Ветер рвет паруса. Гудит, как струна, натянутый причальный канат. Дураки спешат занять места. Брант настаивает: их должно быть сто одиннадцать. Одиннадцать — «шутовское число». Да будет так! Агой! И корабль под вой фанфар и грохот барабанов навсегда покинет берега Мудрости…
А под конец оказалось: книга-то не написана. Есть только отдельные наброски, вроде тех, которые он сегодня читал. Придется подождать с отплытием.
Пока же решил Брант покороче свести Дюрера с Бергманом. И свое намерение осуществил не откладывая. Нагрянул к печатнику с рукописью легенд о святых. Бергман за нее ухватился, и здесь-то поставил Брант условие: иллюстрировать книгу должен Альбрехт Дюрер, художник из Нюрнберга. Дюрер так Дюрер. Поскольку за издание платит сам Брант, ему безразлично, с кем иметь дело.
Однако безразличие было наигранным: когда Дюрер зашел к Бергману познакомиться, тот уже знал о нем всю подноготную — вплоть до того, как надул его Кеслер и что живет он у Георга Шонгауэра. Бергман сразу заговорил о деле: у него освободилось место подмастерья, пусть перебирается к нему, с Амербахом он договорится. И действительно договорился. Согласно уговору с Брантон засадил он Альбрехта за гравюры к сборнику легенд о святых. Работы оказалось всего на месяц, ибо Дюрер не рисковал, не отходил от испытанных шаблонов. После потрудился над гравюрами для «Турнского рыцаря» — собрания назидательных новелл. Штейн, переложивший сборник с французского на немецкий, обхаживал Бергмана, пытался подбить его на то, чтобы «Рыцарь» печатался в его типографии. Но мастер, поскольку книга не сулила барышей, взялся только иллюминировать ее. Получит Штейн доски — и довольно.

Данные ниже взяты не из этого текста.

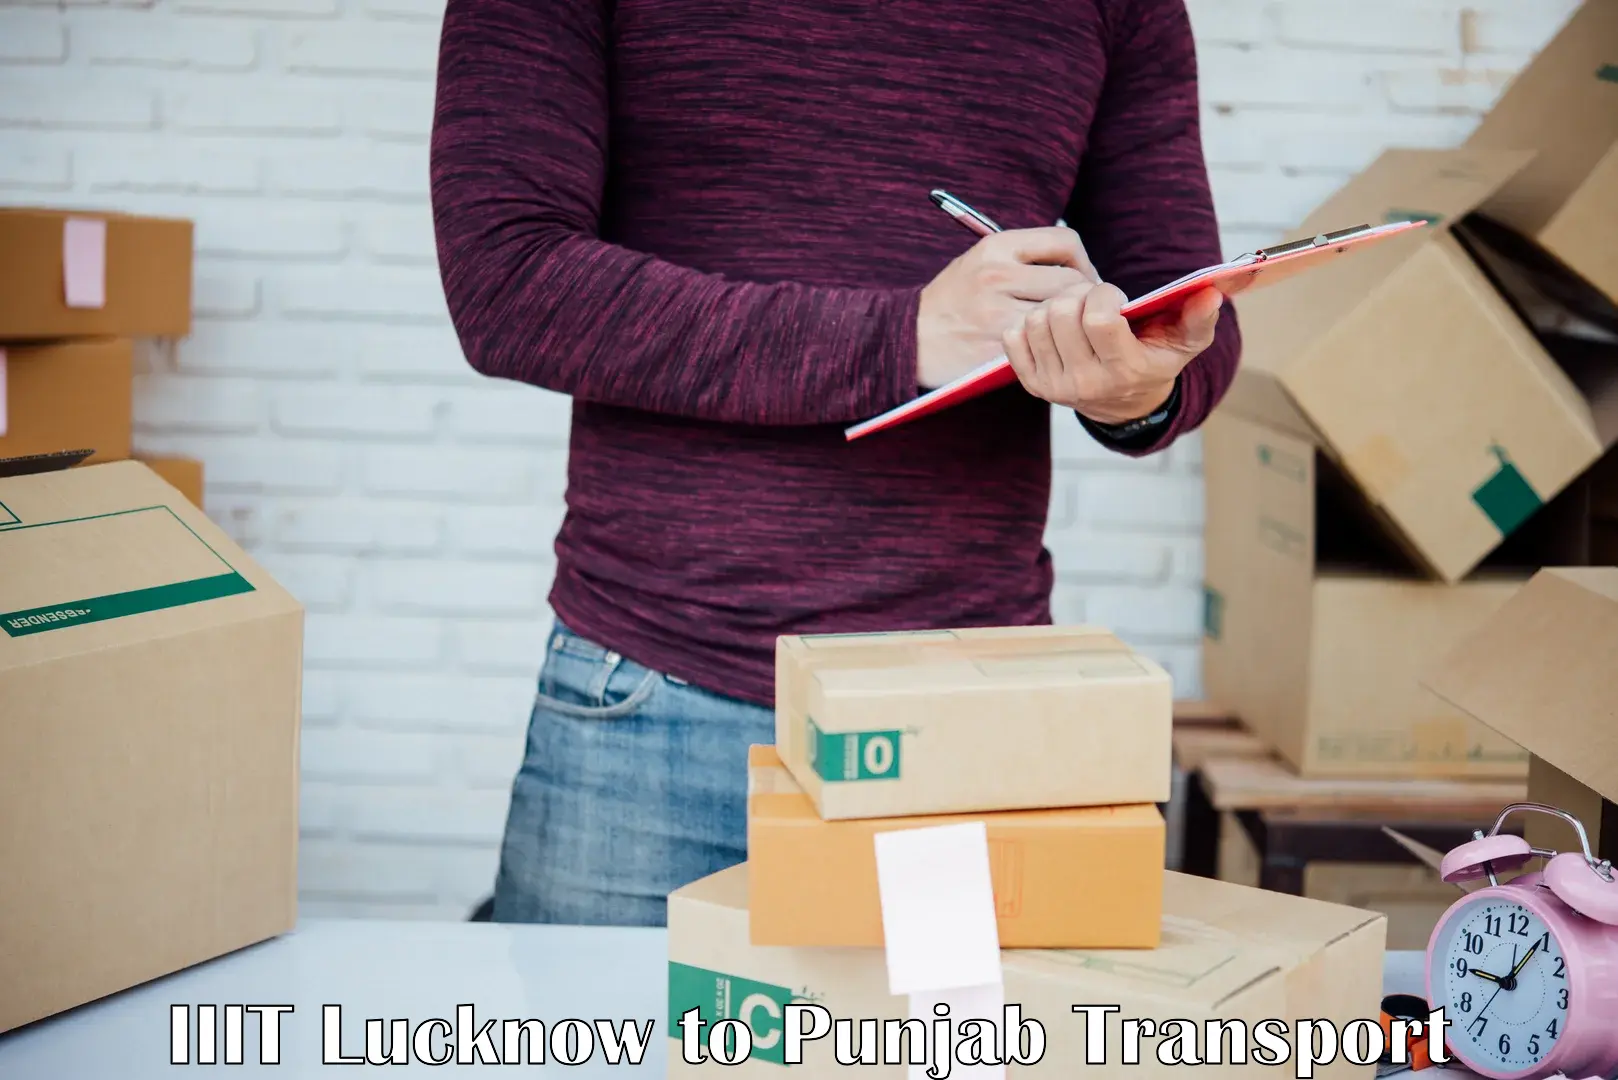 Road transport online services IIIT Lucknow to Zirakpur

Исполнять заказ поручил Дюреру. Походило на то, что хотел испытать его: способен ли работать он самостоятельно, богата ли у него фантазия? Здесь действительно было где развернуться — всего вдоволь: и прихожане, доставляющие дьяволу радость скоромными разговорами во время мессы, и похотливый дюнах, затеявший шашни с женой канатного мастера, и рыцарские поединки. С этим справился. Осилил и основанные на Священном писании новеллы, хотя и не без труда — не так просто преодолеть каноны, которые вдолбил Вольгемут. А Адам и Ева! Вспомнить смешно. Ну чего здесь трудного — изобразить древо, змия, обнаженных мужчину и женщину. Погнался за достоверностью. Вспомнил Георга: уж где обнаженное тело можно изучить, так это в бане. Банщицы — народ не особенно щепетильный. Отправился. Нашел одну «Еву». Но только стал рисовать — обрушила она на него потоки брани. Побить даже хотела. Адама и Еву пришлось рисовать по гравюре.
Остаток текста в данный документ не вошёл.